Разрыв печени. Откуда? Почему? Сейчас не важно. Сейчас не важно. Реваз опустился на колени, глубоко вздохнул и положил руку на живот пострадавшего.
– Держись.
Заклинаниями здесь не обойдешься. Нужно вмешательство. Резать нельзя, снаружи…
Без подготовки, без инструментов, без достаточного количества магической энергии – он мог рассчитывать только на собственный запас – Кабаридзе принялся аккуратно приводить в порядок печень раненого, заставляя срастаться поврежденные ткани. Хватит ли сил? Какая разница? Человек, лежащий перед профессором, умирал, и это было главное. В этом смысл. Жизнь должна продолжаться.
В голове зашумело, пот заливал глаза, руки начали дрожать, но профессор упрямо шептал заклинания и нежно, едва касаясь кожи, водил сведенными судорогой пальцами по животу пациента. Еще чуть-чуть… еще… Со стороны могло показаться, что он просто осматривает раненого, стараясь нащупать повреждения, и только Маша, почувствовавшая, но ничего не понимающая Маша, смотрела на Реваза, широко раскрыв глаза. Да притормозивший у места аварии маг, уловивший колоссальное напряжение магического поля, уважительно присвистнул, глядя на работу Кабаридзе.
Реваз Ираклиевич закончил за минуту до появления «Скорой». Но так и остался сидеть рядом с раненым, пытаясь прийти в себя и легонько встряхивая онемевшие руки. И только когда к месту аварии подбежал высокий врач, профессор неуверенно поднялся на ноги.
– Что вы делали?
– Я врач, – Реваз Ираклиевич пошатнулся, но вытащил свою карточку. – Кабаридзе.
– Профессор Кабаридзе? – Доктор удивленно посмотрел на Реваза Ираклиевича. – Я слушал ваши лекции.

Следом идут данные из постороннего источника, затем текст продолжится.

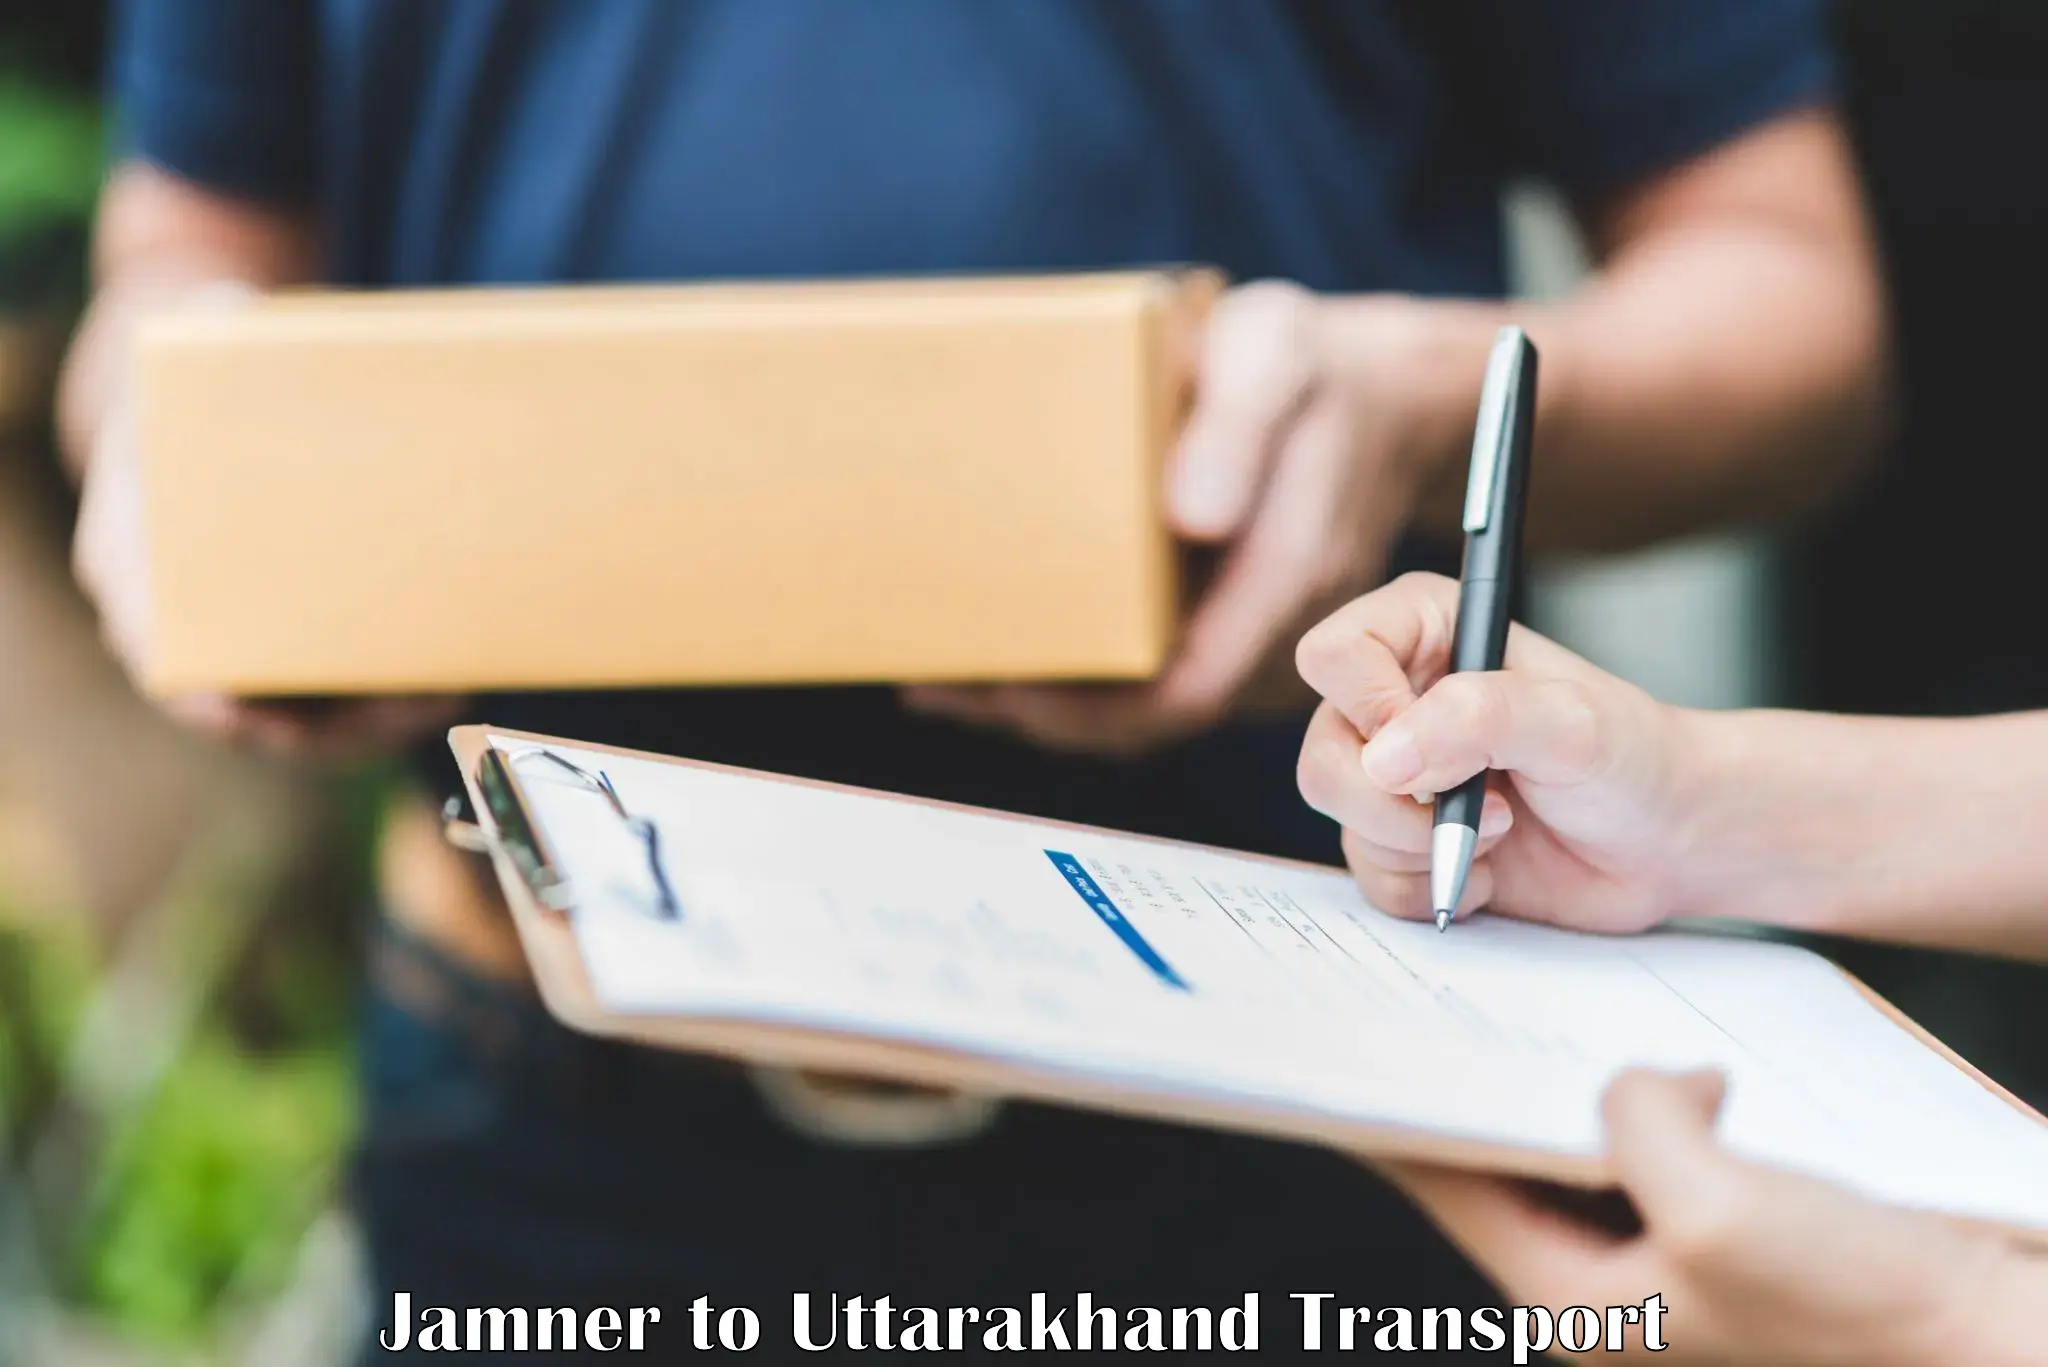 Furniture transport service Jamner to Lohaghat
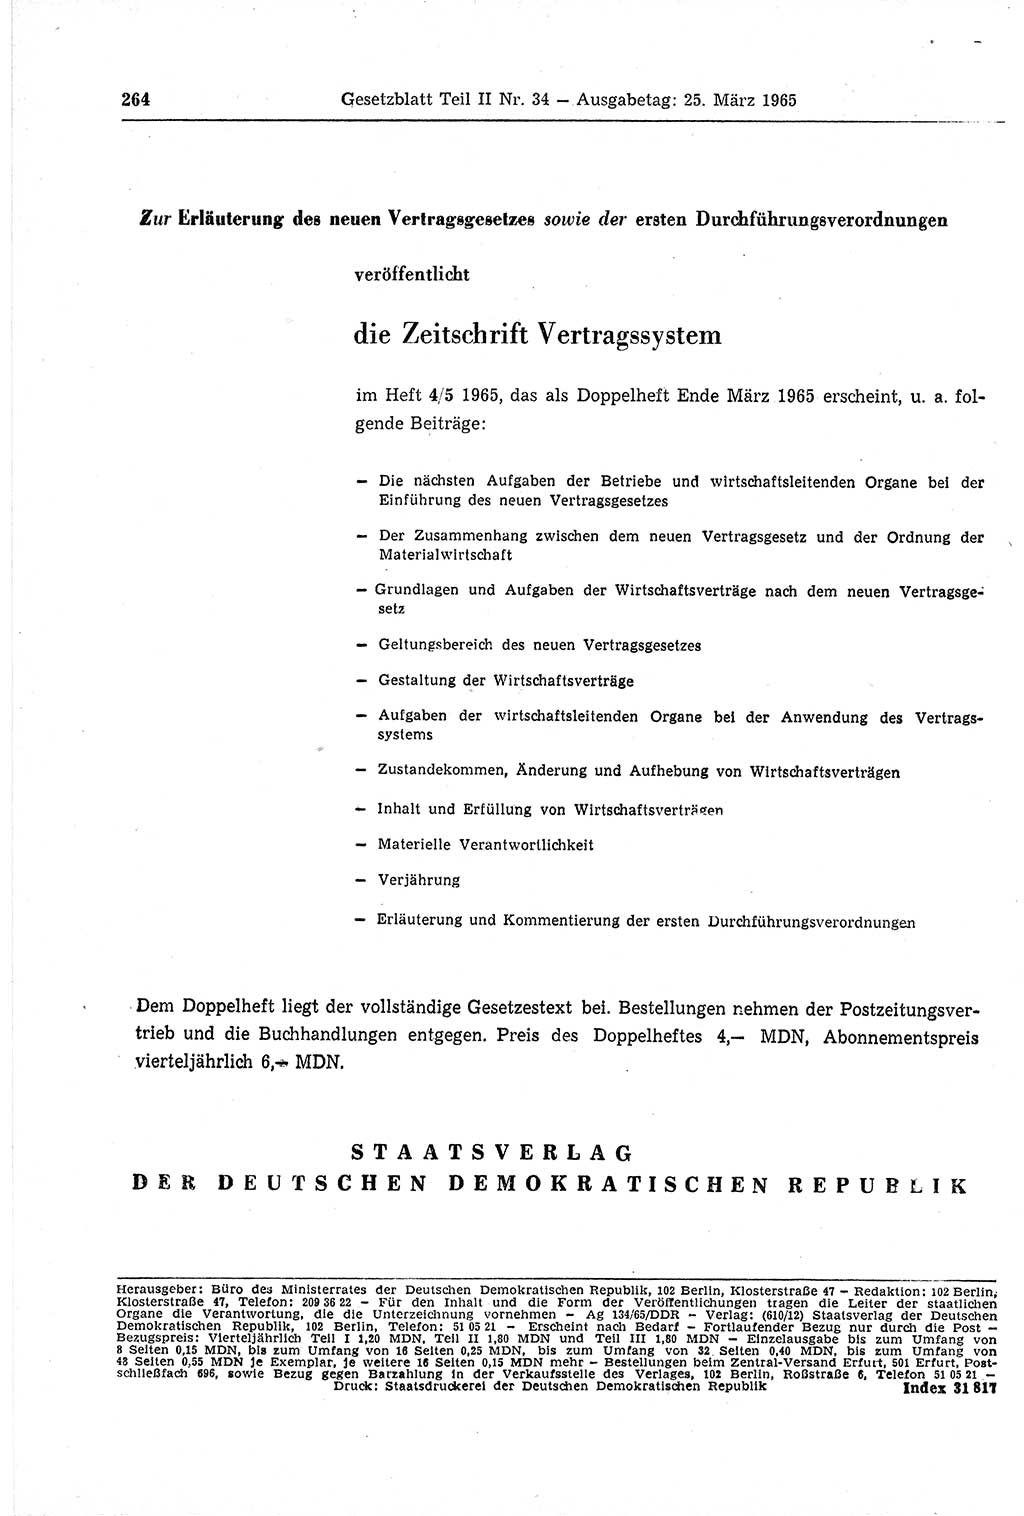 Gesetzblatt (GBl.) der Deutschen Demokratischen Republik (DDR) Teil ⅠⅠ 1965, Seite 264 (GBl. DDR ⅠⅠ 1965, S. 264)

– Надеюсь, вам понравилось, – слабо улыбнулся Кабаридзе, прислоняясь к изувеченному боку «Волги». – Водитель погиб на месте, у пассажира переломы, сотрясение и… Он в шоке.
– С вами все в порядке?
– Со мной? Да, конечно, я просто немного приболел. – Профессор выдавил смешок. – У пассажира было сильное внутреннее кровотечение, но, кажется, оно прекратилось. У него замечательная свертываемость.
– Хорошо, – врач нагнулся над пострадавшим.
– У вас есть сигарета?
– Пожалуйста.
Реваз Ираклиевич медленно подошел к своей машине и, присев на капот, глубоко затянулся. Он был опустошен, вывернут наизнанку, но самое главное – этот человек будет жить. В этом смысл.
Маша положила руку на плечо Кабаридзе, заглянула в глаза, несмело, почти робко улыбнулась:
– Что ты с ним делал?
– Ты чувствовала?
– Да. Какое-то движение, нет… Какое-то тепло… Или…
Больше всего на свете ему хотелось прижать к себе эту хрупкую девушку. Прижать, почувствовать ее нежность, ее заботу, ее силу. Больше всего на свете ему хотелось зарыться лицом в ее волосы. Он бросил сигарету и крепко обнял Машу.
– Я его лечил, Машенька, я его лечил.
– Как?
– Я расскажу. Отвези меня, пожалуйста, домой. Я все расскажу.
* * *
Цитадель, штаб-квартира Великого Дома Навь
Москва, Ленинградский проспект,
7 сентября, суббота, 20.31
– Значит, запрещенный артефакт? Любопытно. – Сантьяга прошелся по толстому ковру, украшавшему пол его кабинета, на мгновение задержался перед изысканной картиной, затем посмотрел на эрлийца: – Как вам вино, брат Ляпсус?
– Замечательно! – Врач блаженно вдохнул аромат старинного напитка. – Выше всяких похвал.
– Триста лет назад в Бургундии делали потрясающее вино, – улыбнулся комиссар. – А с годами оно становится лучше и лучше.